BACKGROUND OF THE INVENTION

1. Field of the Invention

The present invention relates to a video recording control device and a video recording method.

2. Description of the Related Art

A technology has been disclosed that, at the time of the morning sun or the evening sun when the entire road changes color or due to the illumination of the neon lights installed inside a tunnel, when the entire road gets covered by the region in which the color feature quantities become similar, enables determination of the colors of boundary lines (for example, refer to Japanese Patent Application Laid-open No. 2010-044472).
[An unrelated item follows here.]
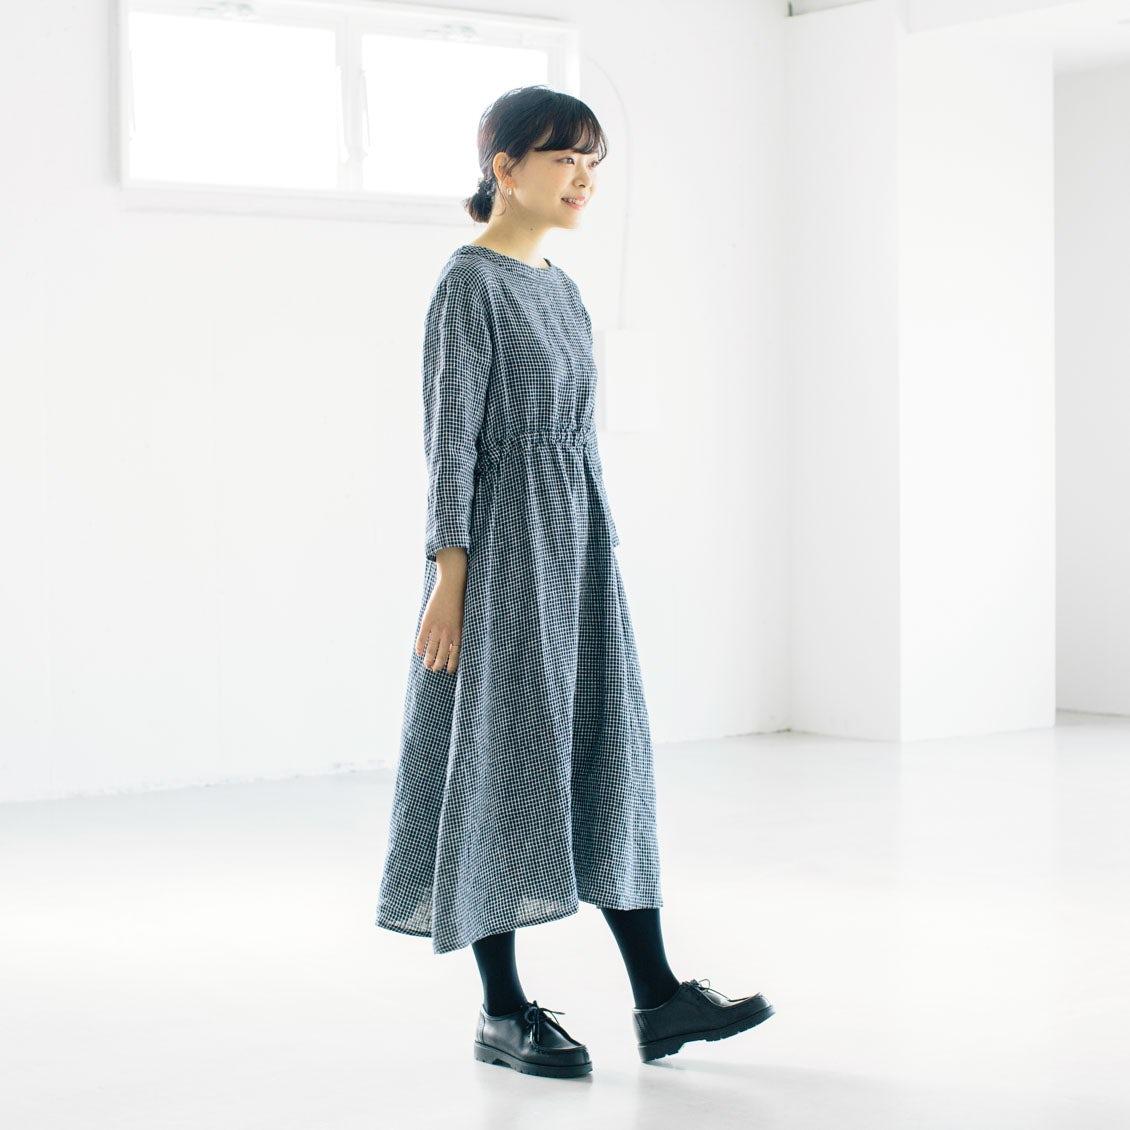 【スタッフ着用レビュー】当店別注!fog linen workのワンピースを、4名のスタッフが着てみました

For example, regarding an imaging device such as, what is called, a dashboard camera, a technology is known for expanding the dynamic range for brightness such as the wide dynamic range (WDR) or the high dynamic range (HDR). However, at nighttime when it is extremely dark overall, unless the dynamic range is further expanded, identification of bright objects as well as dark objects becomes a difficult task.

SUMMARY OF THE INVENTION

It is an object of the present invention to at least partially solve the problems in the conventional technology.

The above and other objects, features, advantages and technical and industrial significance of this invention will be better understood by reading the following detailed description of presently preferred embodiments of the invention, when considered in connection with the accompanying drawings.

A video recording control device according to the present disclosure comprising: an imaging data obtaining unit that obtains imaging data; a luminance calculating unit that divides the imaging data into regions and calculates luminance for each divided region; a light source region setting unit that sets, as a light source region, a region for which luminance calculated by the luminance calculating unit is equal to or higher than a luminance threshold value; a luminance adjusting unit that adjusts luminance of the light source region either to average value of luminance of other regions excluding the light source region or to a predetermined value, and obtains post-adjustment data; and a recording control unit that records, in a recording unit, the imaging data along with the post-adjustment data having luminance adjusted by the luminance adjusting unit.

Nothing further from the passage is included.